O dólar comercial encerrou o pregão desta segunda-feira (9) cotado a R$ 5,188, apresentando uma queda de R$ 0,032, o que representa um recuo de 0,62%. Durante a sessão, a moeda americana chegou a ser negociada a R$ 5,17 por volta das 13h, mas mesmo com a recuperação parcial, manteve a tendência de baixa.

Essa cotação é a menor desde 28 de maio de 2024, quando o dólar foi negociado a R$ 5,15. No acumulado de 2026, a divisa já registra uma desvalorização de 5,47%, indicando um fortalecimento significativo do real frente à moeda dos Estados Unidos.

Bolsa de Valores dispara e crava novo recorde histórico

O mercado de ações brasileiro viveu um dia de fortes ganhos, com o índice Ibovespa, principal termômetro da B3, fechando em 186.241 pontos, uma alta expressiva de 1,8%. O desempenho positivo foi impulsionado principalmente por ações de setores de peso no índice, como bancos, petroleiras e mineradoras.

A última vez que o Ibovespa havia alcançado um recorde foi no dia 3 deste mês. Com a alta desta segunda-feira, a bolsa brasileira acumula um ganho de 15,69% em 2026, consolidando um ano de forte performance para os investidores em ações.

China dá o tom: recomendação de venda de títulos americanos afeta o dólar

A queda do dólar frente ao real acompanhou o movimento no mercado internacional, influenciado por diversos fatores.
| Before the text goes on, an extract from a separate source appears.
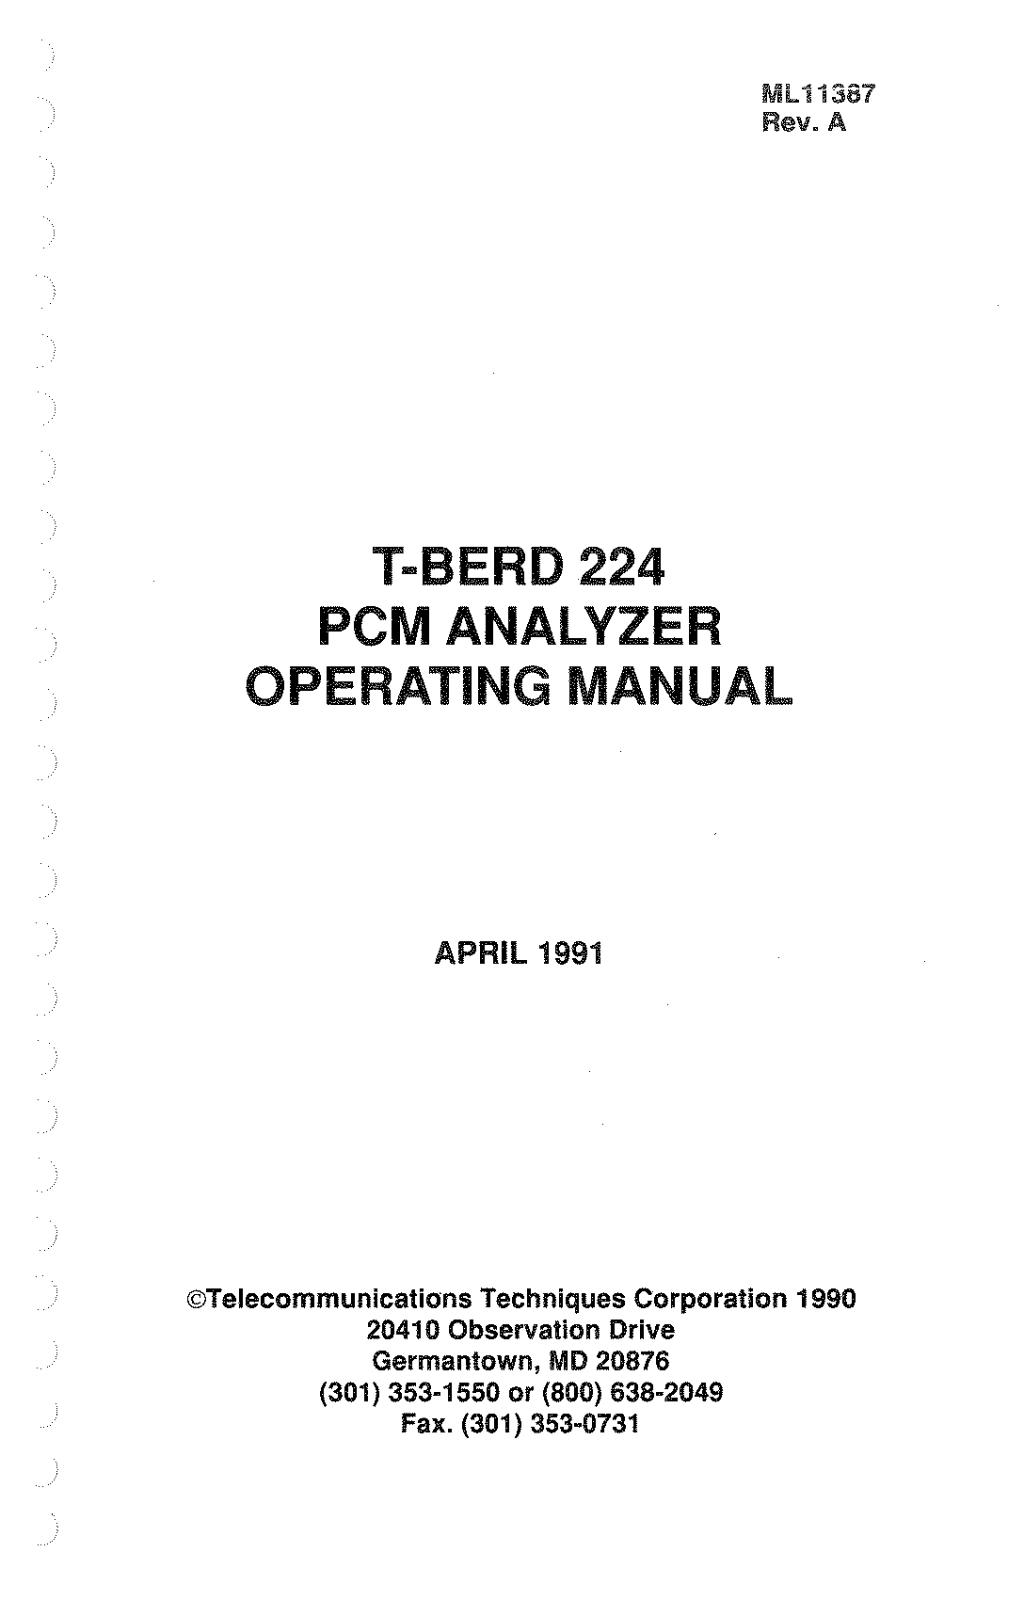 Telecommunications Techniques Corporation T-BERD 224 User Manual

A possibilidade de intervenções para fortalecer o iene japonês e a repercussão de dados econômicos dos Estados Unidos contribuíram para o cenário de desvalorização da moeda americana.

Dados recentes do mercado de trabalho americano, que vieram abaixo das expectativas, aumentaram as chances de que o Federal Reserve (Fed, o Banco Central dos EUA) possa voltar a reduzir as taxas de juros. Além disso, a vitória eleitoral da primeira-ministra japonesa, Sanae Takaichi, também impactou o dólar frente ao iene.

O principal fator, contudo, que pesou significativamente nos mercados foi a recomendação do governo da China para que bancos privados reduzam a compra de títulos do Tesouro dos Estados Unidos. Sendo o maior detentor de papéis americanos, a China busca diversificar suas reservas internacionais, o que gera um impacto global.

Cenário favorável para emergentes: dólar cede e bolsa sobe

Essa combinação de fatores globais criou um ambiente propício para a queda do dólar e a consequente alta da bolsa brasileira. A moeda americana também apresentou desvalorização em relação a outras divisas de países emergentes, como o rand sul-africano, o peso mexicano e o peso chileno.

Esse cenário mais favorável aos mercados emergentes, observado desde o início do ano, tende a persistir e pode continuar a beneficiar o câmbio brasileiro nos próximos meses, sugerindo um período de maior estabilidade e atratividade para investimentos na economia do Brasil.